By the way, the video above shows how useless wire mesh is. You can plainly see that even after they pull it up it just goes back down to the bottom as they keep walking on it!

One way I got around that problem was when I poured slabs at my Nursery years ago, I used concrete wire mesh, but raised it by using wire ties and 2" or thicker squares I had cut up from closed foam insulation or whatever. I used a bunch and after walking on it, tested where the mesh was resting during the pour. Seemed to work ok, as I had semis loaded with bark, plants and other driving over them. I used 2x6's for the edging, so my pours were 6 inches or more in depth. They were not fancy finished slabs, though I leveled and put a slope on the slab using a transit. Had the major tools for floating and such.

Tig

join:2006-06-29
Carrying Place, ON
For minimal extra expense you can have glass fibers mixed in the concrete when delivered.

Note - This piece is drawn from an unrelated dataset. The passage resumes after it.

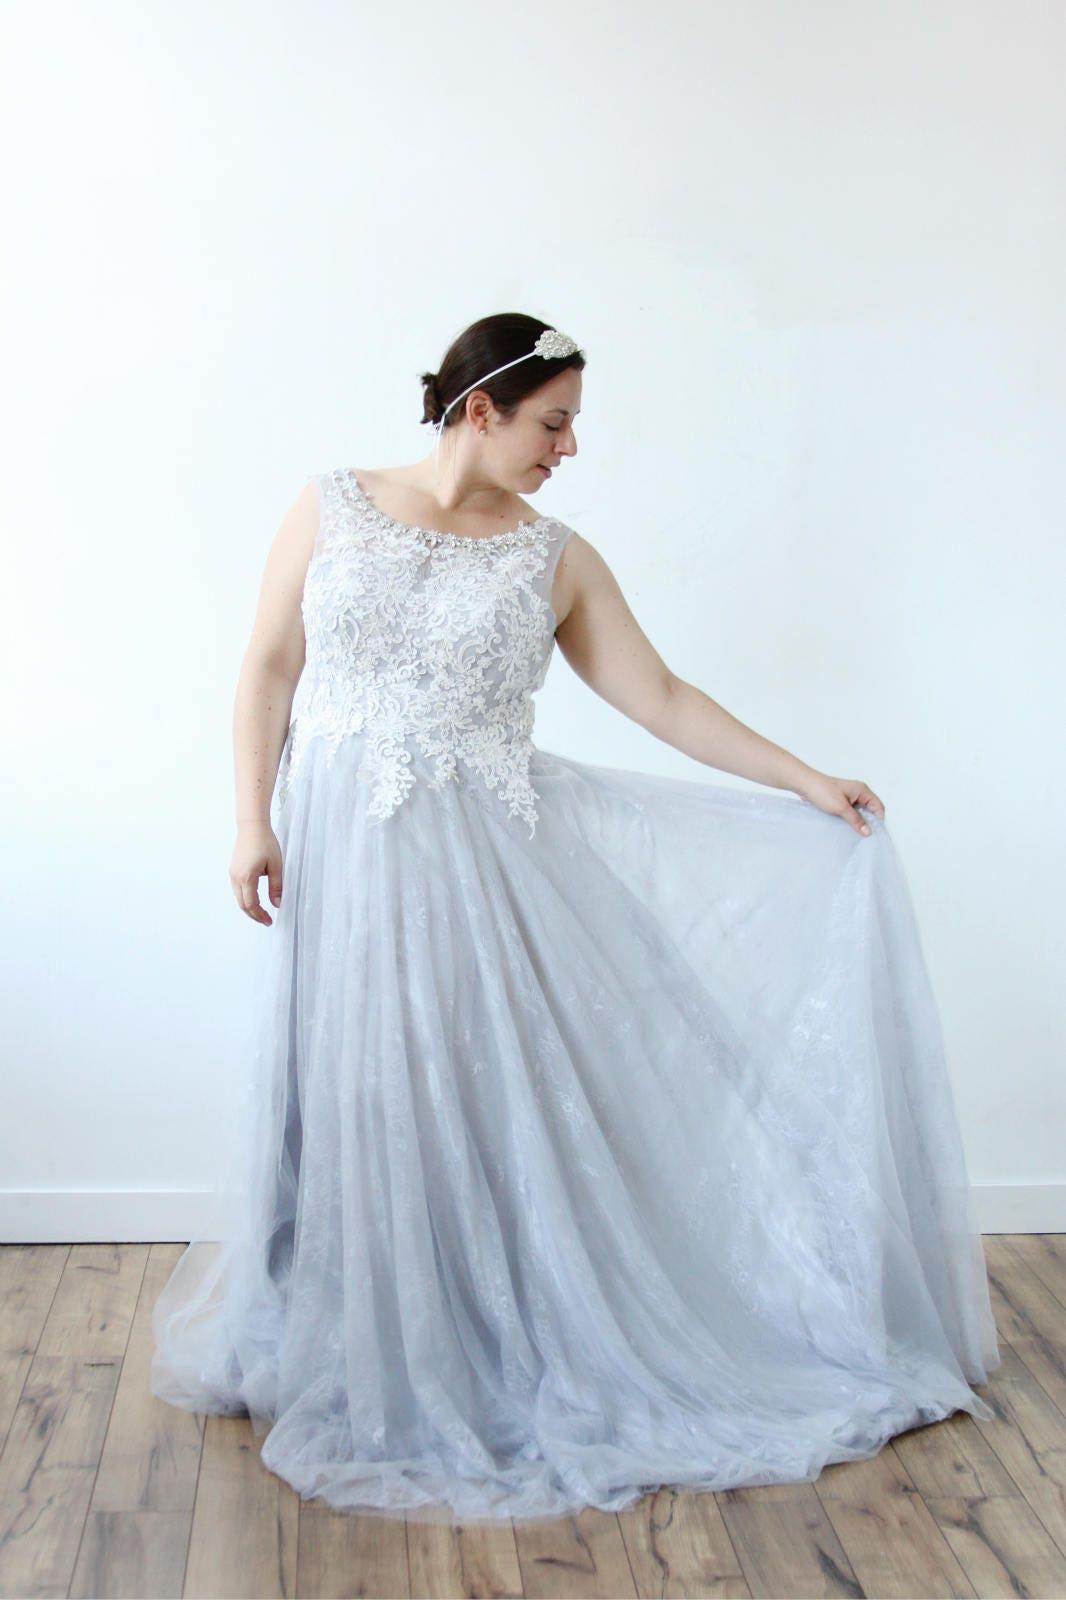 Weiße Spitze funkeln Kragen grau blau Hochzeitskleid

Steel mesh would not be required.


Msradell
P.E.
Premium
join:2008-12-25
Louisville, KY
reply to hortnut
said by hortnut:

I used concrete wire mesh, but raised it by using wire ties and 2" or thicker squares I had cut up from closed foam insulation or whatever. I used a bunch and after walking on it, tested where the mesh was resting during the pour

I'm sure that worked to keep the mesh in place but have insulation in that area treated a weak spot in the concrete. An alternative is to use pieces of concrete cement bricks or pavers of the appropriate thickness, that way you do not weaken that area in the concrete. The unfortunate fact is that most people who to concrete work don't take the time and effort to ensure that the mesh is in the correct location to actually do something.
--
Written using Dragon NaturallySpeaking


LazMan
Premium
join:2003-03-26
canada
It's pretty common practice to just pull the mesh up to the middle of the pour depth as you go...


Msradell
P.E.
Premium
join:2008-12-25
Louisville, KY
said by LazMan:

It's pretty common practice to just pull the mesh up to the middle of the pour depth as you go...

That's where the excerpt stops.